Development status and risks in deep-water oilfield
Deepwater oil and gas exploration and development has been booming since the first deep-water well in 1975. Until now, more than 70% of deepwater oilfields are located in the 10 sedimentary basins distributed in three main deepwater areas of northern Gulf of Mexico, West Africa, and southeastern Brazil. As technology progress, the drilling depth record has been broken continuously and now the record is more than 3000 m. Currently, deepwater oil and gas exploration and development activities are undergoing in more than 60 countries. Top five countries are Brazil, the United States, Angola, Australia, and Nigeria. As prediction, about 35% production will come from deepwater oilfield by the year of 2035 (
Lian, Sun, & Chen, 2006;
Wang, Chen, & Zhao, 2010;
Xiao, 2011).
Chinese deepwater oil and gas resources are mainly in the South China Sea. Total reserve in the South China Sea is between 23 billion and 30 billion tons (
Lian, Sun, & Chen, 2006;
Xiao, 2011). China’s first deepwater gas field Liwan 3-1 was successfully put into production in 2014. During 2014 to 2015, CNOOC had important deepwater oil and gas discoveries, including Lingshui 17-2, Lingshui 25-1 and Liuhua 20-2. Besides, CNOOC has cooperated with Total and Petrobras to develop large deepwater oilfields including AKPO and EGINA in Nigeria and Libra in Brazil, which provides an important platform to accumulate experience.
Deepwater oil and gas field development is characterized with high technology, huge investment, long duration, high risk and high profit. It is a huge system project, including exploration and appraising, FDP design, implementation, reservoir management and optimization. Actually, limited data, international environment and oil price will cause much uncertainty for FDP design and production management. Any unreasonable decision will lead to huge cost loss. Thus, foreseeing risk and mitigation strategies become more important. This paper takes AKPO and EGINA as examples to analyze the main uncertainties, proposes measures to avoid risks, and provides valuable experience for the other deepwater oilfields development.
Overview of OML130 deepwater projects in Nigeria
OML130 includes AKPO, EGINA, Preowei and EGINA south field, and CNOOC’s work interest is 45%. AKPO field started production in 2009. The number of the well is 44, including 22 oil producers, 20 water injectors and 2 gas injectors. The maximum annual oil production is 60 MM bbls. Engineering pattern is FPSO+ subsea production system (Figure 1). Until 2015, it maintains about 6 years of production plateau. EGINA is similar to AKPO in scale and will begin to produce oil in 2018. 44 wells are planned in FDP with 21 oil producers and 23 water injectors. The engineering model is also FPSO+ subsea production system, and peak annual production is almost 70 MM bbls. OML130 block plays an important role in CNOOC’s overseas production growth, which is also an important chance for CNOOC to accumulate deepwater oilfield development experience.

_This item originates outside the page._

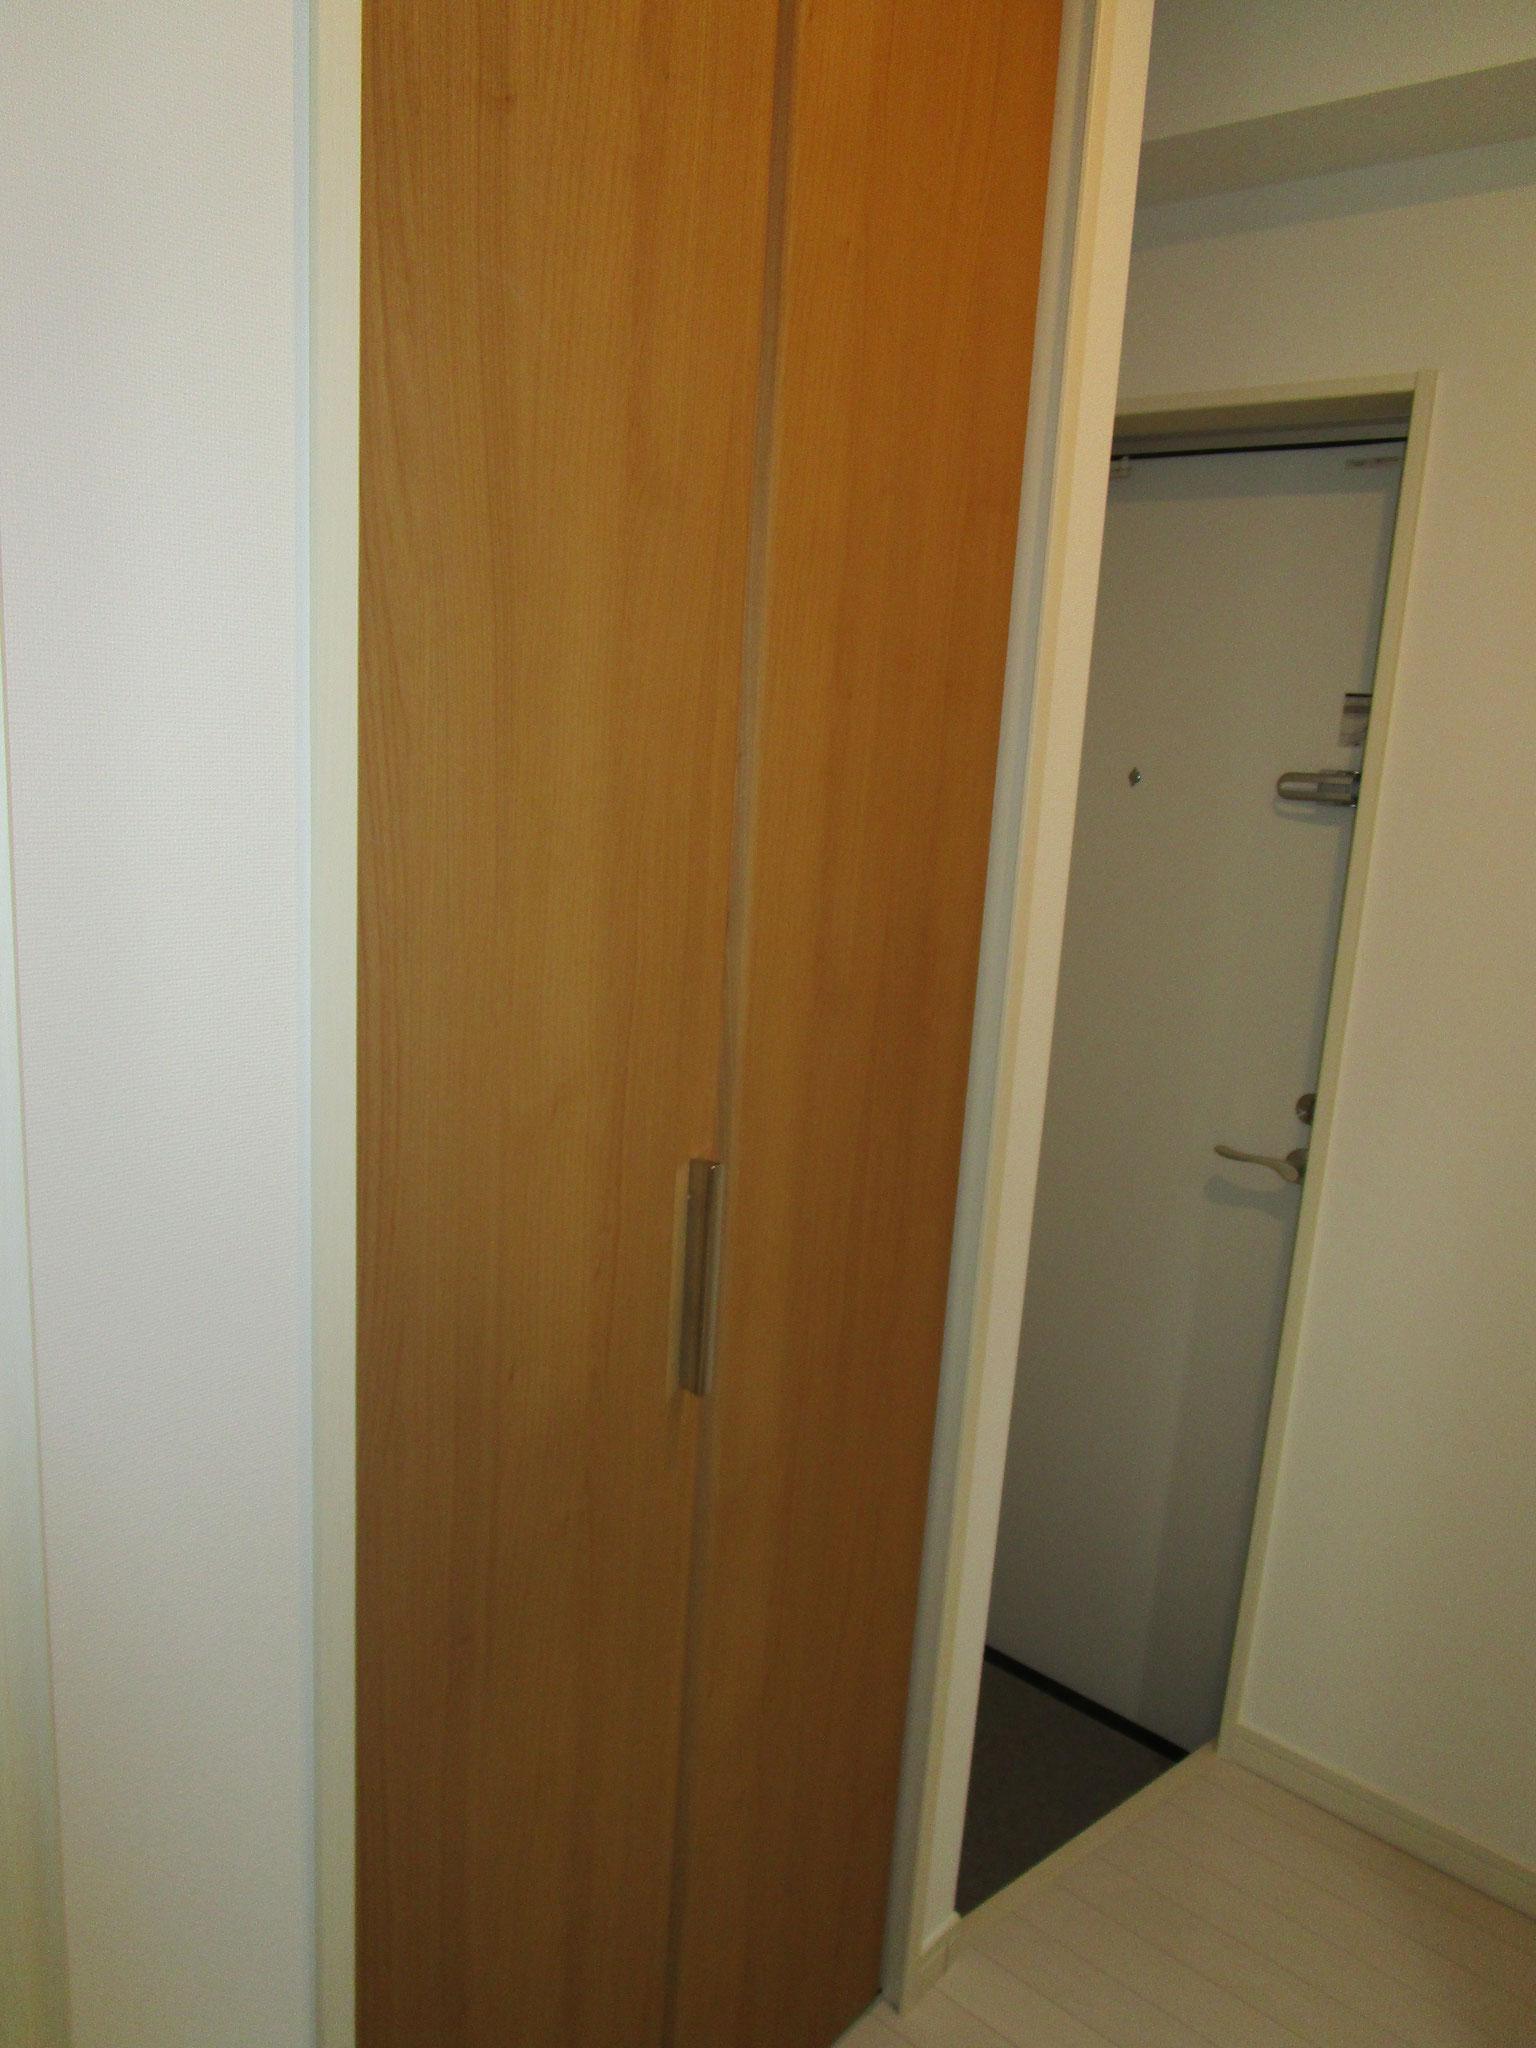 キッチンの向かいは扉付きの収納

Risks and mitigation strategies for FDP design
Risk analysis for FDP design
After the discovery of deepwater oilfields and productivity tests, if their commercial values can be identified, several appraisal wells will be necessary to acquire enough data. Generally speaking, the drilling cost of a single well is up to $70‒$200 million. Therefore, the less appraisal wells to obtain more data or information, the better. However, fewer wells will cause uncertainties or risks.
a) Risks of formation distribution: formation distribution forecast mainly depends on the reliability of seismic data. Limited resolution and poor quality of seismic data will lead to certain deviation with oil-bearing area, boundary and reservoir distribution prediction, which may bring high uncertainties for further studies. OOIP evaluation can be influenced by many factors, such as reservoir boundary, reservoir thickness and OWC. OOIP will influence well numbers and engineering facility. With development wells drilled, if reservoir connectivity becomes poor and OOIP decreases, more wells are needed.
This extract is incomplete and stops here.